Task requirements —
Excluding images, repeat the data exactly as given.

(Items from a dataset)
=== Begin Enclosure ===
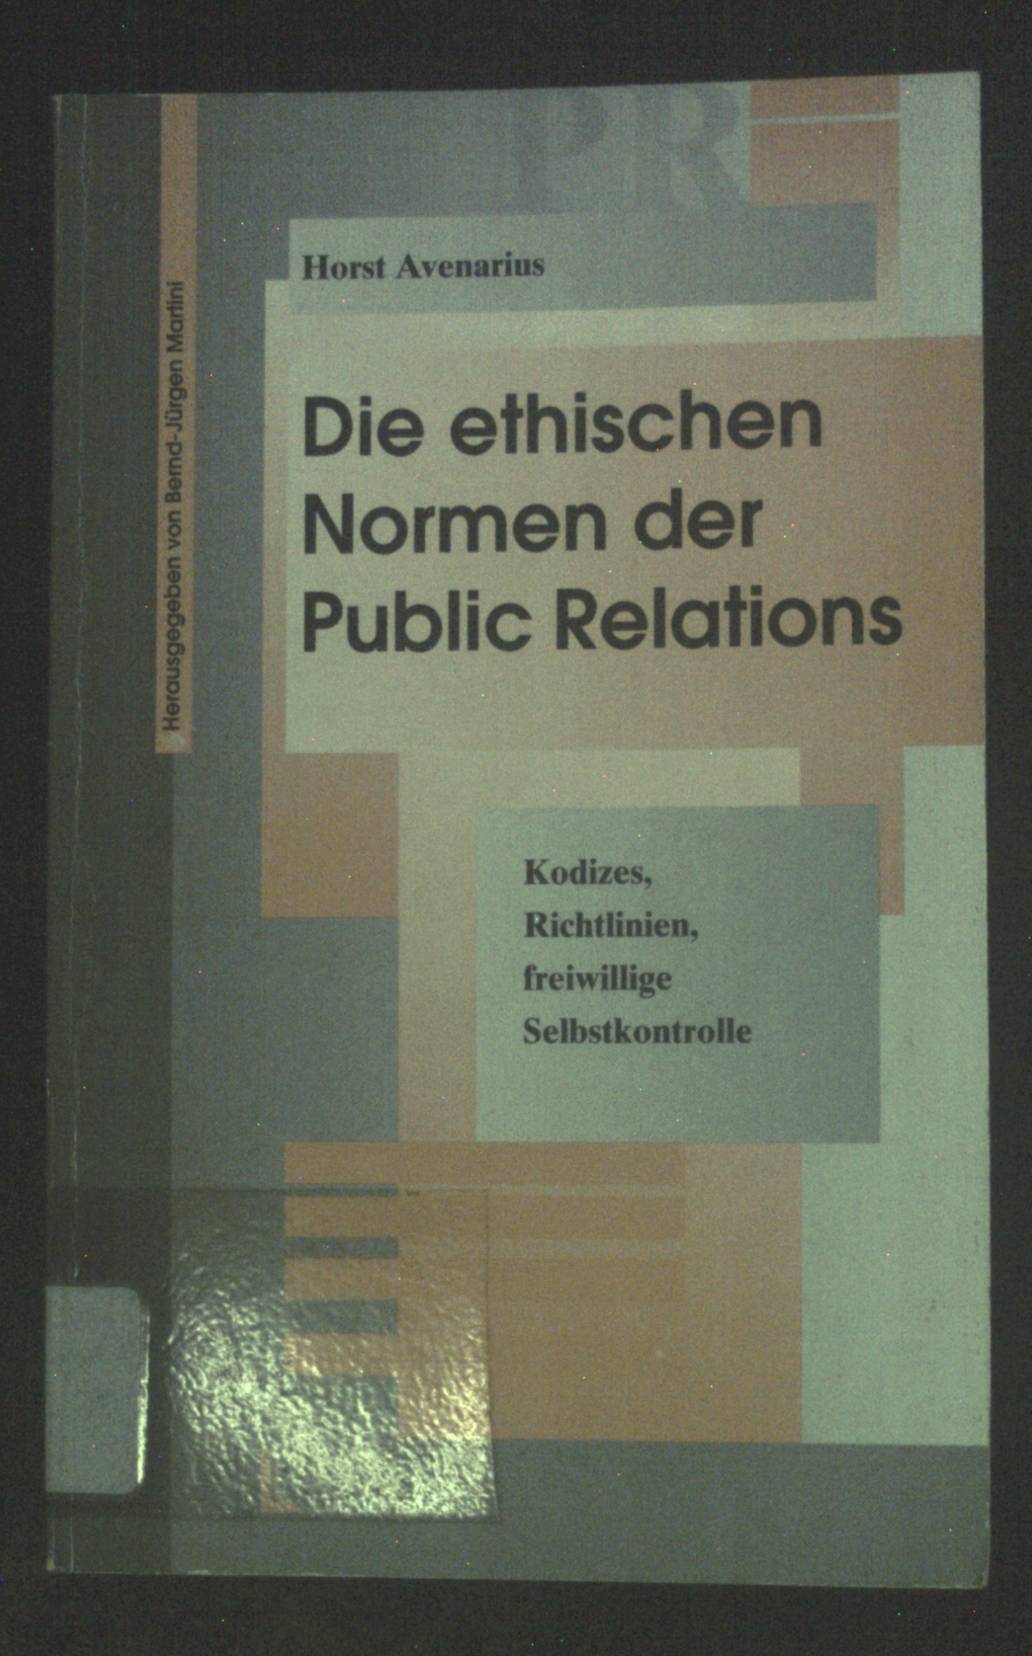 Die ethischen Normen der Public Relations : Kodizes, Richtlinien, freiwillige Selbstkontrolle. - Avenarius, Horst und Bernd-Jürgen Martini
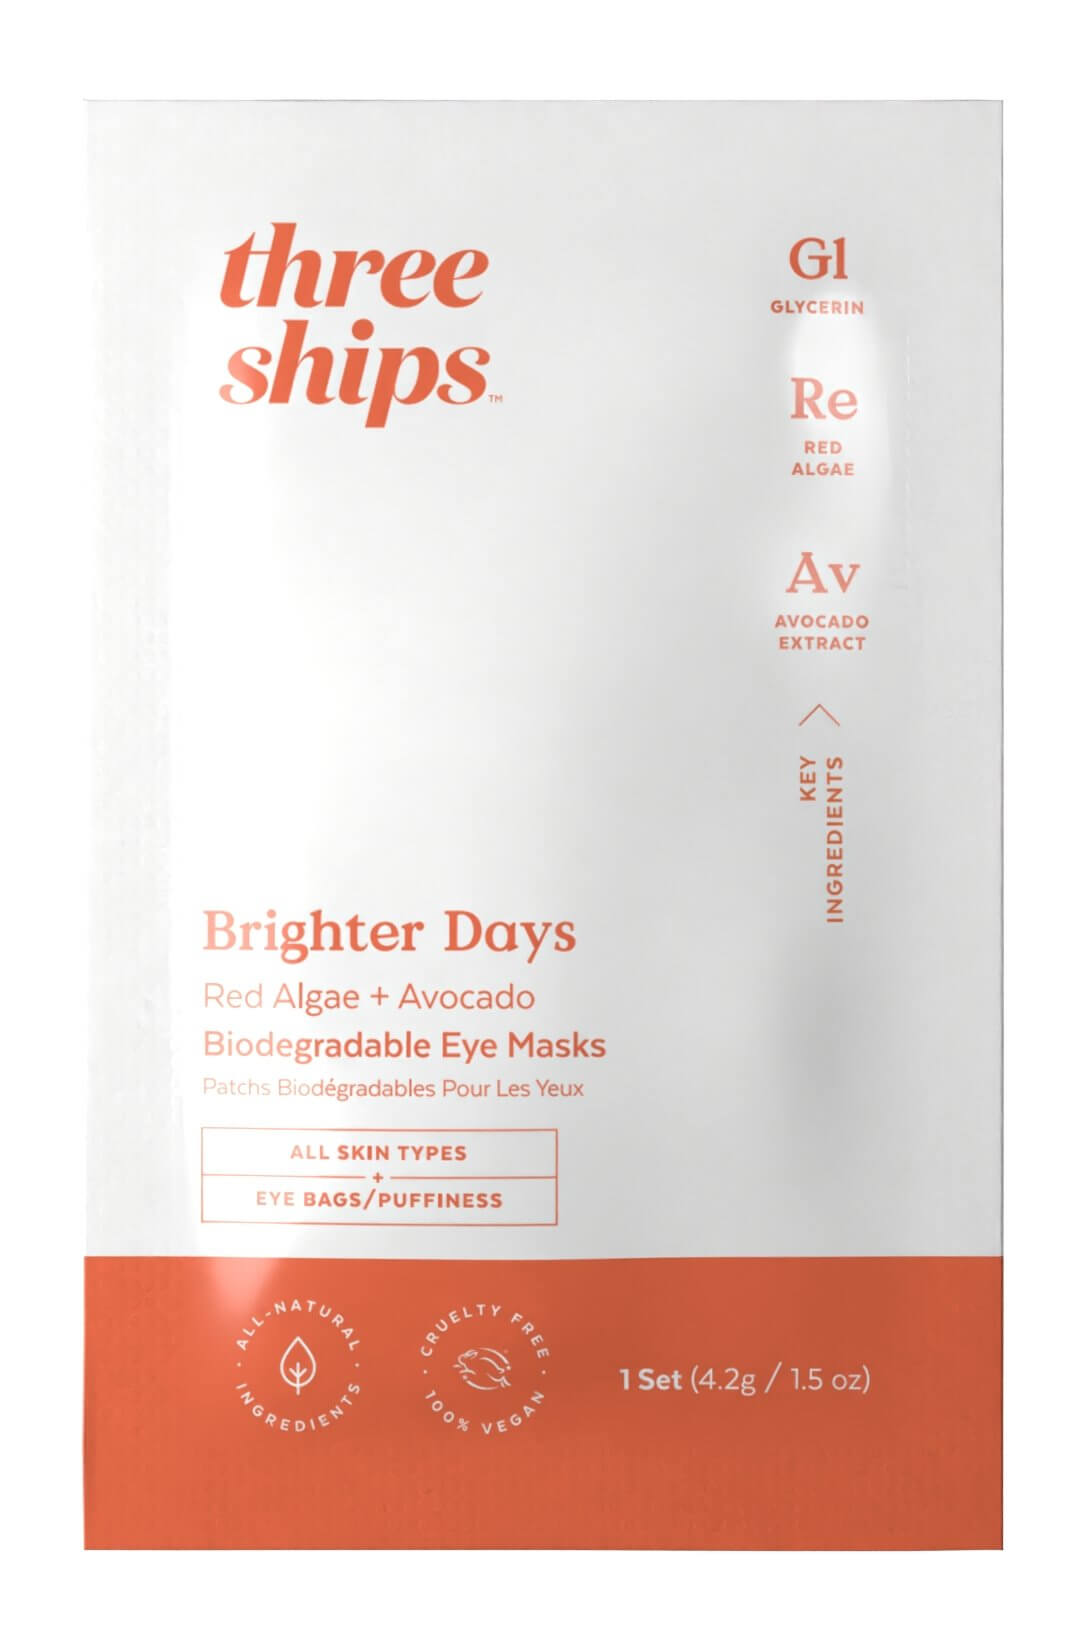 Brighter Days Sachet Three Ships Natural Vegan Cruelty-free Skincare
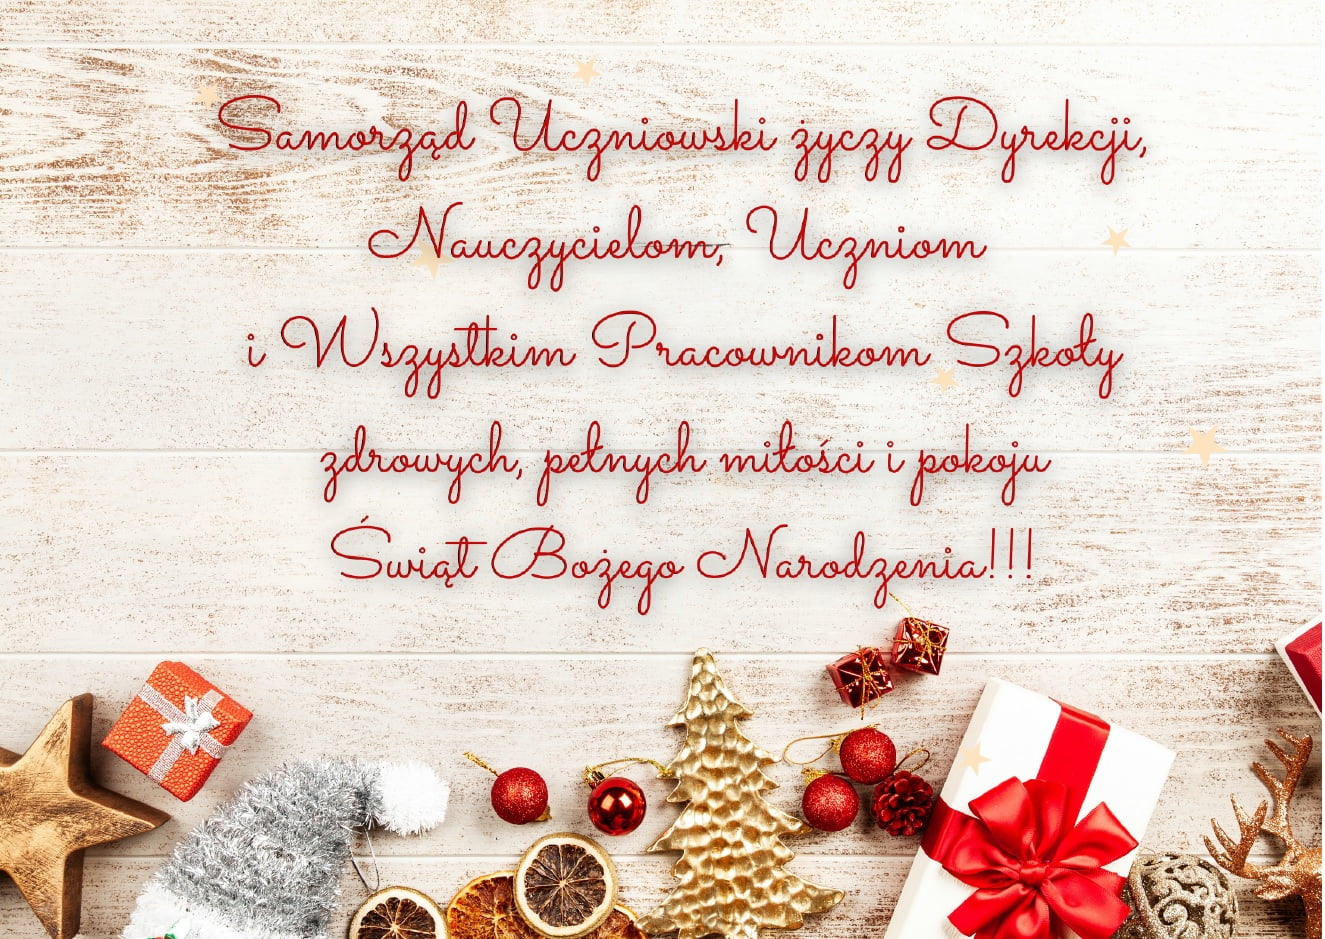 Życzenia Samorządu Uczniowskiego z okazji Świąt Bożego Narodzenia - RCEZ  Lubartów
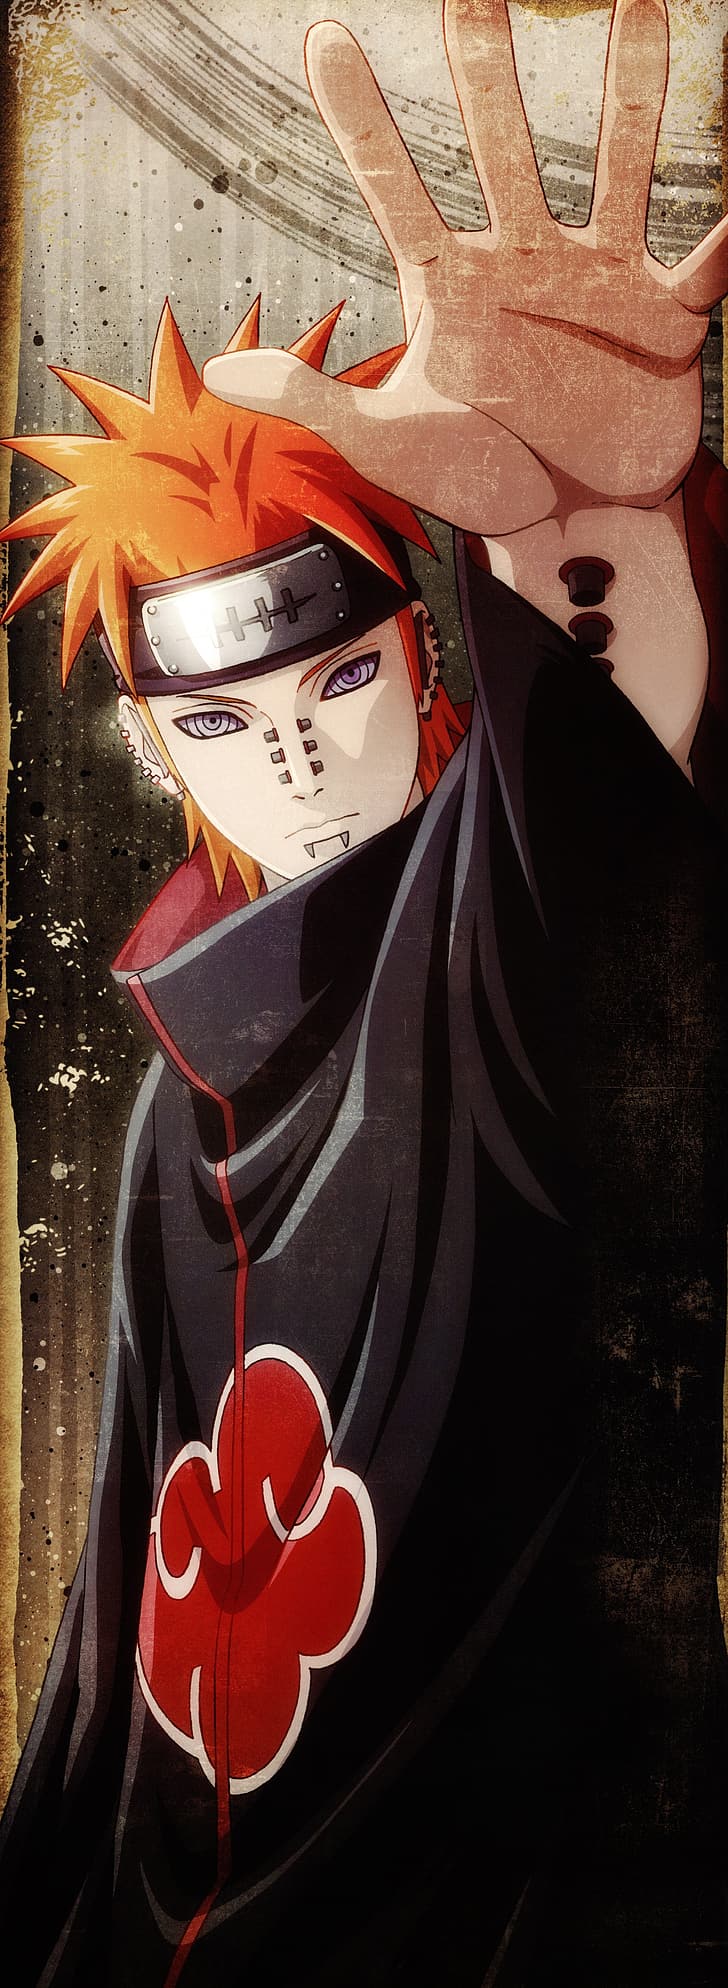 30x1800px Free Download Hd Wallpaper Naruto Anime Naruto Akatsuki Naruto Shippuuden Uzumaki Naruto Wallpaper Flare
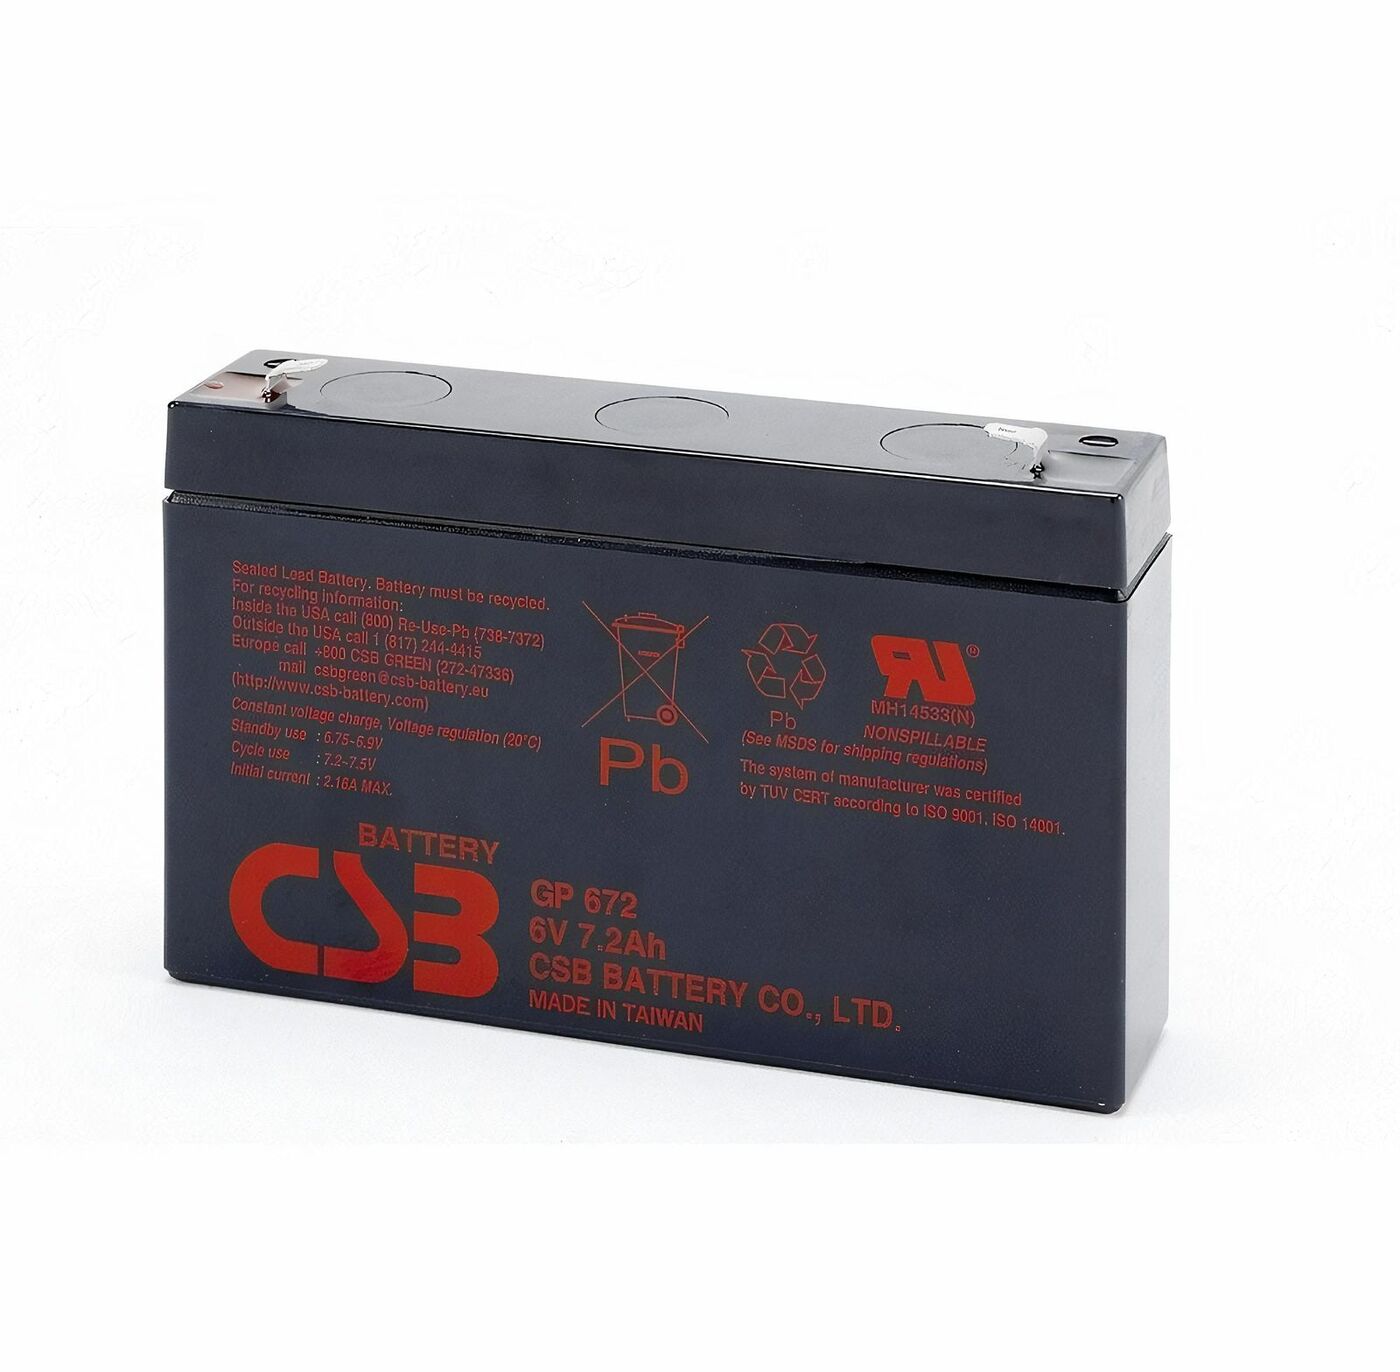 Свинцово-кислотный аккумулятор CSB GP672 6В 7.2Aч 247 аккумулятор свинцово кислотный gopower la 645 security 6v 4 5ah
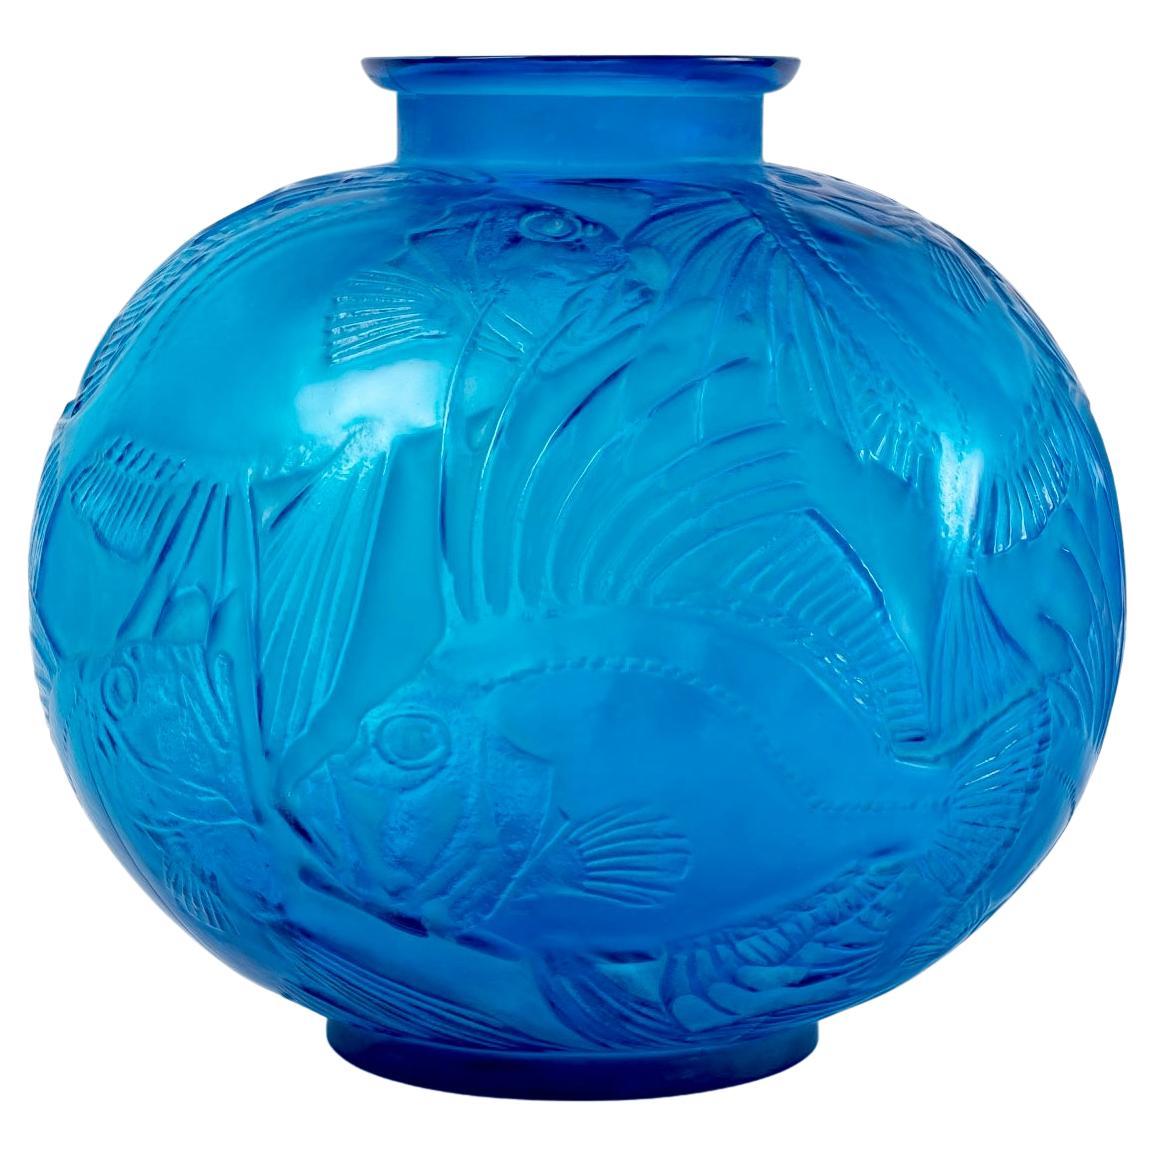 1921 Ren Lalique Poissons-Vase aus elektrisch blauem Glas mit weißer Patina, Fische
=== End Enclosure ===
Finished exercise —
 Die ethischen Normen der Public Relations : Kodizes, Richtlinien, freiwillige Selbstkontrolle. - Avenarius, Horst und Bernd-Jürgen Martini
 Brighter Days Sachet Three Ships Natural Vegan Cruelty-free Skincare
 Życzenia Samorządu Uczniowskiego z okazji Świąt Bożego Narodzenia - RCEZ  Lubartów
 30x1800px Free Download Hd Wallpaper Naruto Anime Naruto Akatsuki Naruto Shippuuden Uzumaki Naruto Wallpaper Flare
 Свинцово-кислотный аккумулятор CSB GP672 6В 7.2Aч 247 аккумулятор свинцово кислотный gopower la 645 security 6v 4 5ah
 1921 Ren Lalique Poissons-Vase aus elektrisch blauem Glas mit weißer Patina, Fische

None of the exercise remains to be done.